*Provided data:*
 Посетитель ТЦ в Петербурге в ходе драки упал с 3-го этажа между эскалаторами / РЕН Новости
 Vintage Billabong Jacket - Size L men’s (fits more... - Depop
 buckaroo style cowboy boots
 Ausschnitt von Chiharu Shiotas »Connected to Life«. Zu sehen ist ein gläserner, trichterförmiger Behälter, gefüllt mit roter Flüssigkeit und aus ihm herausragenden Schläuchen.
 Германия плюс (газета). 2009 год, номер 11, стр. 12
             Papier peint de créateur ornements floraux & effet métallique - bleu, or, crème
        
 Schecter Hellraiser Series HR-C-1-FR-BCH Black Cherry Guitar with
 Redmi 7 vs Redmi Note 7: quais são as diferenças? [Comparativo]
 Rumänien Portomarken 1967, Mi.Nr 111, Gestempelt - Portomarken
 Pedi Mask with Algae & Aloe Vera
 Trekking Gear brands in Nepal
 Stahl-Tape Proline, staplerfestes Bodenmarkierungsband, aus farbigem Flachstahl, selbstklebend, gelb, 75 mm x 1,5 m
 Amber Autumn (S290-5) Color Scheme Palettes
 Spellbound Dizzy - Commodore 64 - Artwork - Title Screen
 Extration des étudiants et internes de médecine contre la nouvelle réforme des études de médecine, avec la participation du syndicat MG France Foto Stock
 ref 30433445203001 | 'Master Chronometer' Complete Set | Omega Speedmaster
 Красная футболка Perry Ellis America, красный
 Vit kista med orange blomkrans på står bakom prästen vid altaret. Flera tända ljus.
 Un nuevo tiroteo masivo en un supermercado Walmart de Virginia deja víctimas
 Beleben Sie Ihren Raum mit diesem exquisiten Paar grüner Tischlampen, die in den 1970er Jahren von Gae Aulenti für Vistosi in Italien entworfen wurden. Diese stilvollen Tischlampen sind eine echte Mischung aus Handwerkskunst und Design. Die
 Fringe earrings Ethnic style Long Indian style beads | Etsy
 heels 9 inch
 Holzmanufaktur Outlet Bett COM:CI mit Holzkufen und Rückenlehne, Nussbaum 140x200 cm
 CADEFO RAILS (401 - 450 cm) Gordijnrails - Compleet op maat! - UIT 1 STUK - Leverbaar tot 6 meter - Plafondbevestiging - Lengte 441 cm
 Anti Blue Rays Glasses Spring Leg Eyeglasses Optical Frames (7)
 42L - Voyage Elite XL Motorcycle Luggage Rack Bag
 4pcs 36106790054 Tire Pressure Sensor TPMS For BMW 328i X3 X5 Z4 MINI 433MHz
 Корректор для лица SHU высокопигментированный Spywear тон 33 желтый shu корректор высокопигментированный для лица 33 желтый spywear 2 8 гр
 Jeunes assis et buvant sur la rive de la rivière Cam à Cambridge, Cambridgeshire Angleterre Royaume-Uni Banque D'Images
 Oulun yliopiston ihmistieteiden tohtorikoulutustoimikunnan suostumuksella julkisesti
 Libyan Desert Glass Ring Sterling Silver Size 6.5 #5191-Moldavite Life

*Work to complete:*
For every line above with the word "Life" in it, make a copy.

*Response to the exercise:*
 Ausschnitt von Chiharu Shiotas »Connected to Life«. Zu sehen ist ein gläserner, trichterförmiger Behälter, gefüllt mit roter Flüssigkeit und aus ihm herausragenden Schläuchen.
 Libyan Desert Glass Ring Sterling Silver Size 6.5 #5191-Moldavite Life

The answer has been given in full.